3 of 3 people found the following review helpful
I just wrote up a quick review for another item that I had gotten for wife 2.0's grandson to check out with me: Uncle Milton Wild Walls Amazing Spider Man Web Attack Room Decor, and noted within that review that sometimes it's all about the timing. I had given that set to the grandson to check out and held back a little before giving him this video game to play. I knew well enough that he'd enjoy both items, but also suspected that once he started playing this video game he was going to be lost in that game throughout the weekend. I wasn't wrong at all. If I had given him this video game before he started playing with the wild walls set, he never would have gotten to that set (or at least not until he'd gone home for the weekend, leaving the video game back at our home).
It was heartwarming watching him sit and play and enjoy this game as much as he did. It was obviously immersive for him and seemed to catch him at a perfect age for everything that goes on in the game.
I would note that this grandson has played with Legos for years now, and has played through several of the earlier Lego superhero video games (the Batman series as an example), so the learning curve for him playing this game wasn't steep at all. It was just the latest game in the series as far as he was concerned, and yet, well, it offered him a ton of fun. He went about collecting the in-game Lego currency so he could cash it all in (multiple times) to unlock some of his favorite characters, and by the end of the weekend, sure enough he'd unlocked several of those characters.
Within the game, he was also enjoying the challenge of figuring out the various puzzles as well as determining how he was going to accomplish whatever the next task was that he was supposed to be doing in the game.
Realistically, this game is, in many ways, Grand Theft Auto V for younger gamers. It offered up the ability to drive around, fly around, use special abilities to get around, swim around, etc., to go off and do whatever the next task was, or alternatively, just wander around the world collecting the Lego currency to save up so you can unlock your favorites. The cartoon violence that takes place is relatively tame, though you do see the Lego characters get beaten up, run over, torn apart, etc., as you play. Persons that are sensitive to the thought of letting their children play in such fashion might want to avoid the game, but really there's little to even think of objecting to here.

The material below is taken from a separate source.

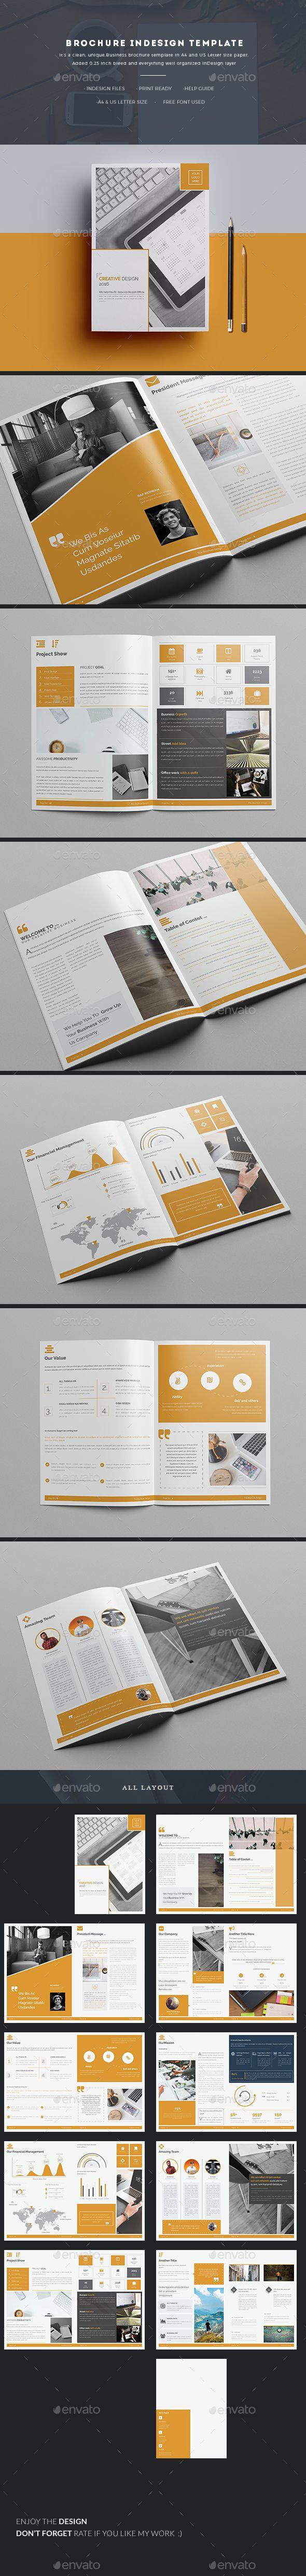 Brochure InDesign Template | User Guide | Pinterest | Apuntes

I would note that the game did freeze a couple of times in a very repeatable fashion. By the end of the weekend the grandson had learned how to reset the Xbox 360 multiple times because of that issue, but also seemed to have learned which part of the game led to the freezing issue. Hopefully that issue will be resolved soon with a patch.
Easily worth the purchase price. Available for most major video game platforms. I'm personally going to be looking forward to the PS4 version when it gets released later. Until then, I'm enjoying watching my wife's grandson get so much enjoyment out of a video game.